Acquisition US Steel par Nippon Steel : La « Golden Share » redéfinit l’investissement étranger en sidérurgie.



L’acquisition prolongée d’US Steel par le japonais Nippon Steel, une transaction évaluée à près de 15 milliards de dollars, a finalement abouti à un accord unique qui confère au gouvernement des États-Unis une supervision sans précédent sur les opérations de cet emblématique sidérurgiste américain. Ce «partenariat historique», finalisé plus d’un an après sa proposition initiale, gère des préoccupations complexes de sécurité nationale et des considérations politiques intérieures, établissant un nouveau paradigme pour l’investissement étranger dans des secteurs stratégiquement vitaux.

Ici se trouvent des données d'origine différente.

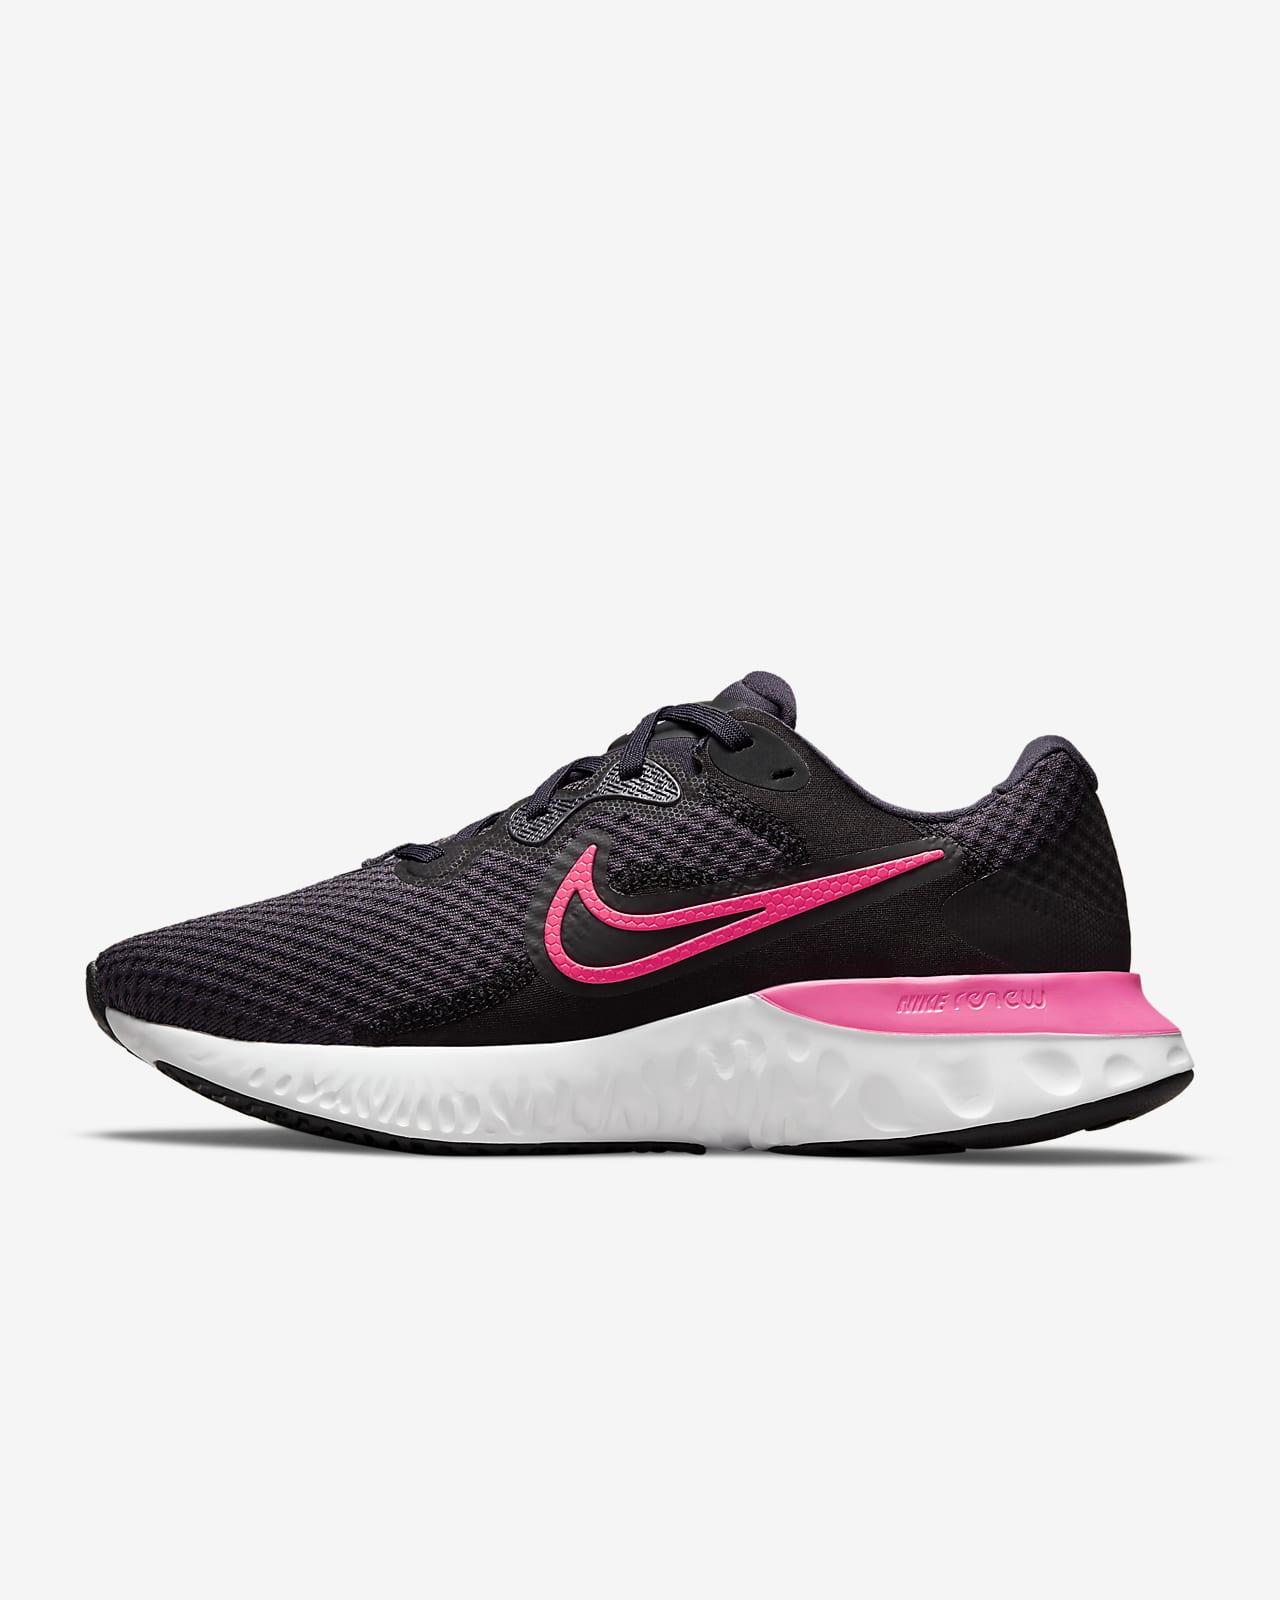 Nike Renew Ride 2 Damen-Straßenlaufschuh

L’accord positionne la nouvelle entité combinée comme le quatrième producteur d’acier mondial, défiant un marché international majoritairement dominé par les fabricants chinois. Cet alignement stratégique promet d’infuser les installations d’US Steel avec les technologies avancées de Nippon Steel, soutenu par un engagement substantiel de 11 milliards de dollars en investissements de capitaux pour des modernisations d’ici 2028. En retour, Nippon Steel obtient un accès amélioré au robuste marché américain de l’acier, qui a connu un renforcement ces dernières années en raison des tarifs imposés sous l’administration de l’actuel président Donald Trump et de l’ancien président Joe Biden.

Le précédent de la supervision gouvernementale

Une pierre angulaire de l’accord finalisé est la mise en œuvre d’une disposition de «golden share» (action spécifique), un mécanisme essentiel conçu pour répondre aux préoccupations persistantes de sécurité nationale. Cette disposition habilite le gouvernement fédéral américain à nommer un administrateur indépendant au conseil d’administration d’US Steel et lui accorde des droits de consentement explicites sur une série de décisions commerciales critiques. Celles-ci incluent toute réduction proposée des engagements de capital de Nippon Steel, les changements d’identité d’entreprise ou de siège social d’US Steel, la fermeture ou la mise en veille d’usines américaines, et tout transfert de production ou d’emplois en dehors des États-Unis. En outre, le gouvernement aura son mot à dire sur les décisions commerciales majeures telles que l’acquisition d’entreprises américaines concurrentes et les stratégies spécifiques en matière de commerce, de travail et d’approvisionnement provenant de l’extérieur des États-Unis.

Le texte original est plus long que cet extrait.